Advances in sequencing technology have produced new methods to interrogate the entire transcriptome at a single base resolution. Massively parallel sequencing (MPS), also known as deep sequencing, can be used to quantify the levels of mRNA or microRNA expression (RNA-Seq) much like microarrays. However unlike microarrays, MPS technologies do not rely on the principle of hybridization to quantify expression, which requires a priori knowledge about the gene sequence in order to design complementary probes. Instead MPS of the transcriptome begins with a reverse transcription reaction to generate a library of each sample and then sequences a portion of the millions of resulting cDNAs in each library.

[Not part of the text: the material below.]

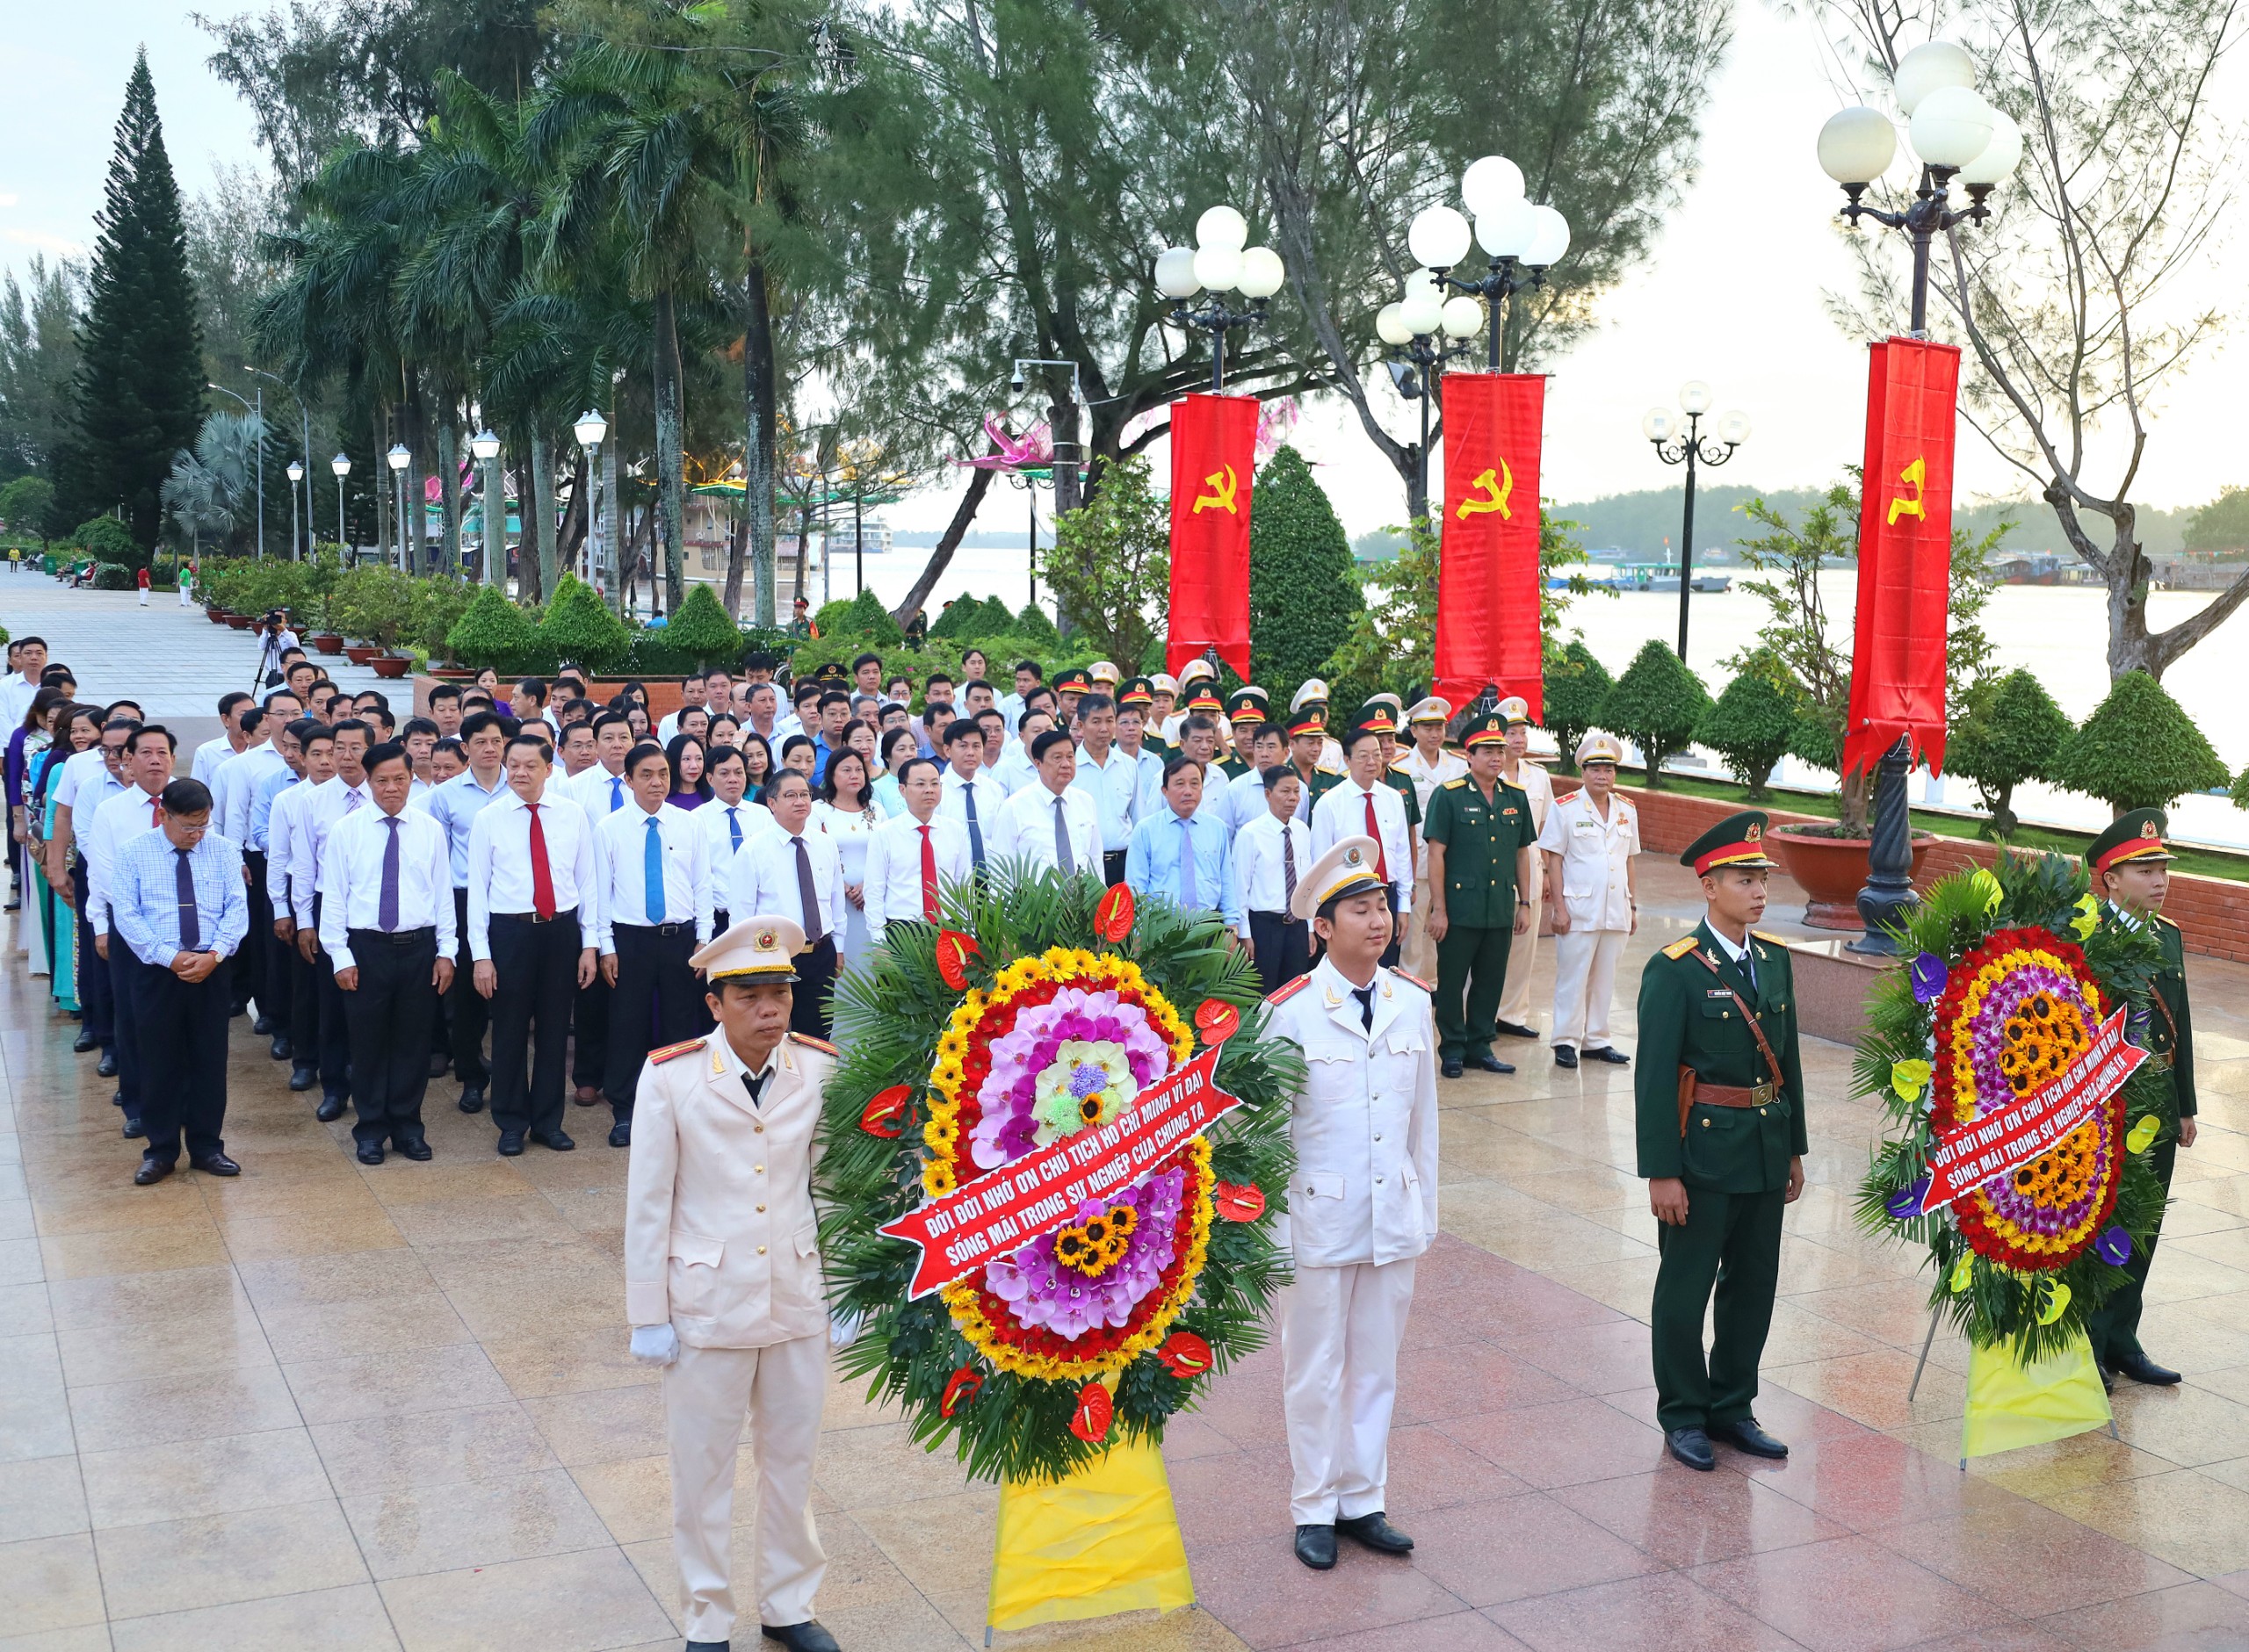 Đoàn đại biểu viếng Tượng đài Bác Hồ tại Bến Ninh Kiều, quận Ninh Kiều, TP. Cần Thơ.

Each sequenced fragment is termed a ‘read’. Once sequenced, these reads are computationally mapped to a reference genome in order to find which gene the read most likely originated from. The number of reads that align to a given gene is proportional to the concentration of that gene's cDNA in the library and the level of expression for that gene. A comparison of read counts for a gene between groups of samples likely gives a good estimate of differences in expression levels for that gene. As sequencing does not rely on predetermined complementary probes, it has the ability to find novel transcribed sequences such as new exons or completely new genes. While several microarray platforms can measure the relative expression of individual exons and describe differential alternative splicing to some degree, the capability of MPS to capture splice junctions and to detect the expression of exons with greater resolution can greatly increase our understanding of how alternative splicing may contribute to lung disease. Although current MPS methods can be costly and have lower throughput than array-based methods, they have the capacity to characterize the transcriptome at an unprecedented amount of detail without any prior knowledge of gene sequences and many predict that MPS could eventually replace the microarray as the platform of choice for studies of gene expression. However, microarray technologies can complement MPS technologies by offering the ability to rapidly validate many novel sequences uncovered by RNA-Seq via a custom microarray and determine whether these sequences are differentially expressed across disease states in large numbers of clinical samples.


The ability of microarray technology to simultaneously measure the expression level of every known gene within a sample opens the door to new understanding of biological complexity. By studying gene expression patterns in samples from patients with disease, we can use this technology to elucidate underlying mechanisms of disease pathogenesis and uncover previously undefined molecular subtypes within a disease. We can also use gene expression microarrays to develop biomarkers that can aid in diagnosing disease or guide tailored therapy. Finally, disease specific gene expression patterns can be used to identify novel therapeutic uses for existing compounds. The use of these approaches in the study and treatment of pulmonary disease is continually expanding and will ultimately provide a better outcome and quality of life for patients with chronic lung disease.